Sbandierata come la grande e indispensabile riforma della giustizia, la legge costituzionale approvata dalla maggioranza di governo non tocca nessuno dei tanti e ben noti problemi che affliggono la giustizia in Italia.

Non accorcia di un giorno i processi civili e penali, la cui lunghezza costituisce un record italiano in Europa; non ne diminuisce di un euro i costi; non evita nessuno di quegli errori giudiziari spesso denunciati dalla stampa. La legge di revisione costituzionale non introduce alcuna misura utile all’efficienza della macchina giudiziaria; non provvede ad incrementare il numero attuale dei giudici oberati da un pesante gravame di lavoro; non fa nulla per accrescere il personale delle segreterie e cancellerie, anch’esso gravato da una mole di lavoro cui non può fare fronte in tempi ragionevoli; non fornisce ad uffici poveri di strutture le disponibilità materiali ed i moderni strumenti di amministrazione.

E allora a che serve?

La spiegazione ufficiale è che serve a distinguere le carriere dei procuratori della Repubblica da quella dei giudici. Serve soprattutto agli avvocati penalisti, ad alcuni di essi: i quali si sentono a disagio in tribunale a trovarsi davanti ad un “avversario” – il PM che sostiene l’accusa – che viene dallo stesso concorso, dalla stessa formazione, dalla stessa carriera del magistrato che dovrà emettere la sentenza. Disagio comprensibile, ma c’è da osservare che:

  • Si diventa magistrati dopo un concorso nazionale durissimo, probabilmente il più duro concorso che sia rimasto nel nostro ordinamento. Dopodiché i vincitori fanno un anno e mezzo di tirocinio, durante il quale saranno sottoposti a valutazione di idoneità e decidono quale carriera intraprenderanno, se faranno i magistrati “giudicanti” o i “requirenti”, se la loro vita si svolgerà in tribunale o nella Procura della Repubblica. Due funzioni diverse: attualmente, dopo la “riforma Cartabia”, il passaggio da una funzione all’altra è consentito una sola volta nella vita, e al costo di cambiare regione. Oggi sono rarissimi i casi di mutamento di funzione, meno dell’uno per 100 dei magistrati lo affronta, per cui di fatto le funzioni sono già separate. E non è detto che questo sia un bene.
  • Benché nessuno lo dica mai, il procuratore della Repubblica, il PM, non svolge un ruolo soltanto nel giudizio penale, ma anche in quello civile. Quando ci sono cause in cui sono coinvolti gli interessi di minori o di incapaci, il PM è chiamato in giudizio perché tutela la parte più debole o l’interesse pubblico. Quando si parla di separazione delle carriere sembra che il PM sia solo quello che sta nell’aula penale e che ha di fronte l’avvocato difensore, ma non è così.
  • Nel nostro sistema penale il PM gestisce le indagini di polizia: le inizia quando viene a conoscere fatti che potrebbero costituire un reato, e poi, se ritiene che le indagini abbiano dato risultati convincenti, sostiene l’accusa in giudizio.

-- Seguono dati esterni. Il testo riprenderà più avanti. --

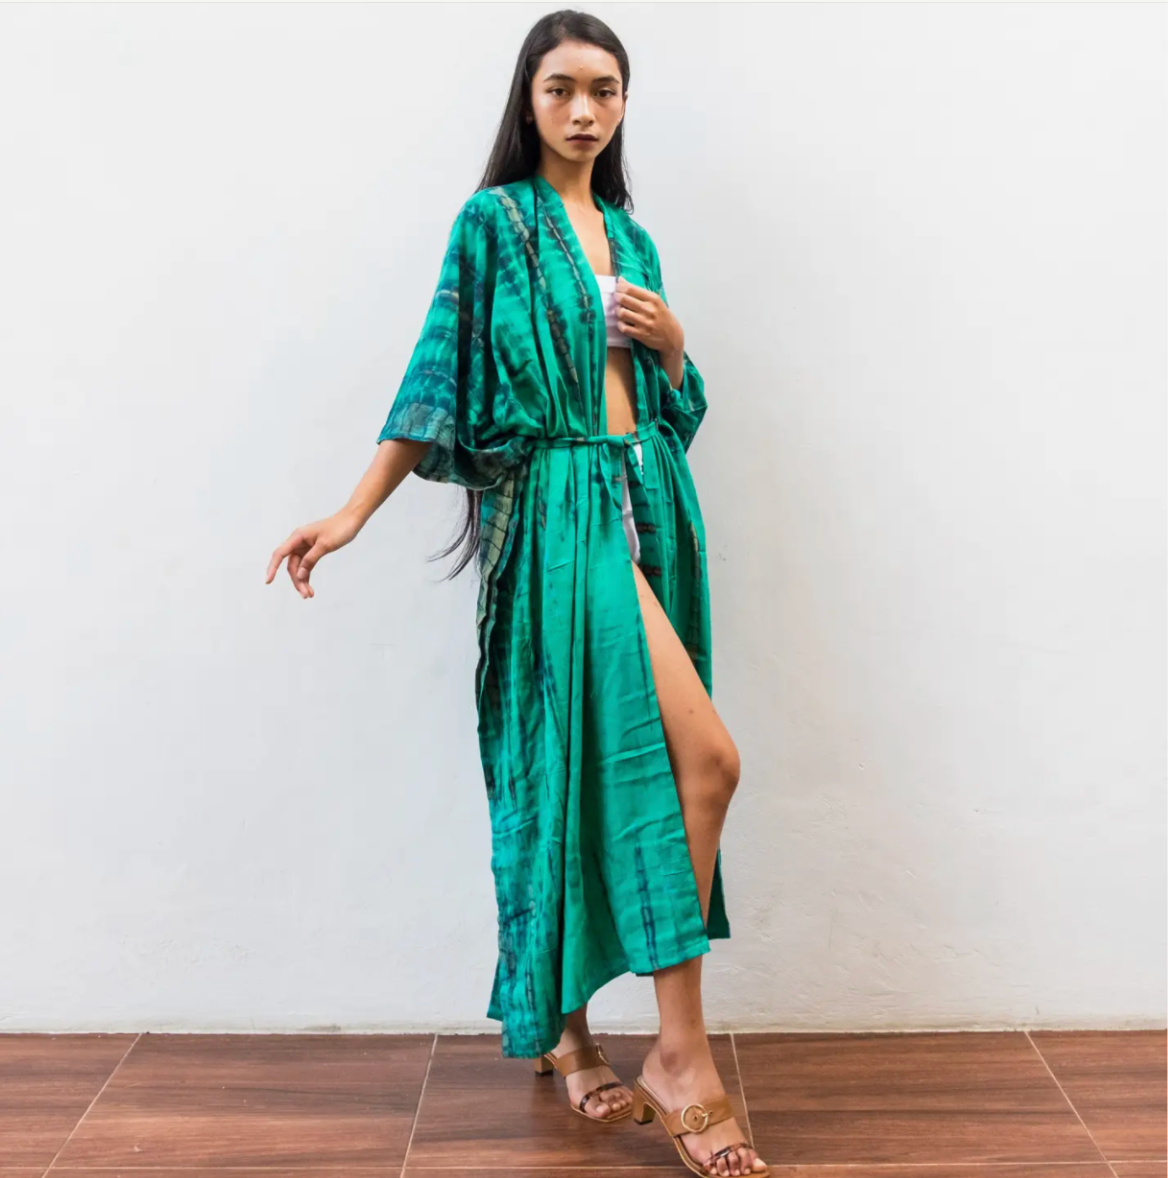 BALI HARVEST - Tie Dye Kimono Cover Up (Green) - Bikini Beach Robe Dress

Anche in campo penale il PM non agisce però nell’interesse del suo ufficio, ma in quello della giustizia, cioè dell’interesse pubblico. Nel corso delle indagini il PM svolge funzioni delicatissime ben prima che inizi il processo e incontri l’avvocato difensore: il PM dispone della polizia giudiziaria, dirige l’indagine, autorizza i provvedimenti che incidono sulle nostre libertà, come per esempio l’ingresso nel nostro domicilio, l’arresto e il sequestro di cose che interessano l’indagine e così via. Sono tutti atti garantiti dalla diversità tra polizia e PM. E ciò perché il PM è un magistrato, ha quella che si chiama pomposamente la “cultura della legalità”: da noi non ci sono corpi armati che indagano su impulso del governo, come nell’America di Trump!
  • La “cultura della legalità” non è però una parola vuota, ma è frutto della lunga formazione che il PM ha avuto come magistrato e caratterizza anche la sua professione e i suoi compiti: il PM è tenuto a portare di fronte al giudice non soltanto le prove a carico della persona che ha indagato, ma anche quelle a discarico: “svolge altresì accertamenti su fatti e circostanze a favore della persona sottoposta alle indagini” dice il codice di procedura penale (art. 358). È un suo dovere preciso, fa parte della sua correttezza professionale. E siccome sulla correttezza dell’attività del PM vigila il Consiglio Superiore della Magistratura (CSM), il buon funzionamento di questo organo è di importanza evidente: è una garanzia per noi tutti.

I contenuti della legge sottoposta a referendum non hanno quindi l’ampiezza che i suoi sostenitori e i promotori di un “si” referendario vogliono far credere; ma sono comunque ambiziosi in quanto, pretendendo di revisionare la Costituzione consegnataci dalla saggezza dell’Assemblea Costituente, vogliono incidere innovandolo sullo statuto personale e organizzativo dei magistrati e sull’assetto degli organi preposti alla amministrazione delle loro carriere.

Obiettivo dichiarato è quello della separazione delle carriere, ma questo tanto agognato risultato non è raggiunto dalla riforma, è rinviato a una legge futura (che sarà ovviamente il governo a predisporre). Stando così le cose, è palese che lo scopo della riforma che dovremmo approvare con il referendum è soltanto, secondo l’antico precetto “divide et impera” dei regimi accentratori, quello di scardinare l’autorità dell’attuale CSM istituendo due separati Consigli superiori, uno per i magistrati giudicanti ed uno per quelli requirenti.

Tale innovazione apre la via ad una riforma delle modalità di scelta dei componenti togati dei due CSM che viene affidata al sorteggio. I magistrati sono così privati del potere di scegliere liberamente chi deve occuparsi dell’amministrazione della loro carriera. Ciò contraddice il principio fondamentale della democrazia che non può non applicarsi anche agli organi del governo giudiziario: non perché si tratti di organi rappresentativi dei magistrati, ma in quanto sono collocati al vertice dell’organizzazione dello Stato; gli altri organi che si trovano in tale posizione apicale, hanno tutti una legittimazione democratica. Si dimentica che l’elezione, a differenza del sorteggio, consente la selezione di figure di cui i colleghi conoscono capacità e autorevolezza, e comporta la responsabilità dell’eletto per come ha esercitato il mandato. Il sorteggio non implica nulla di tutto questo.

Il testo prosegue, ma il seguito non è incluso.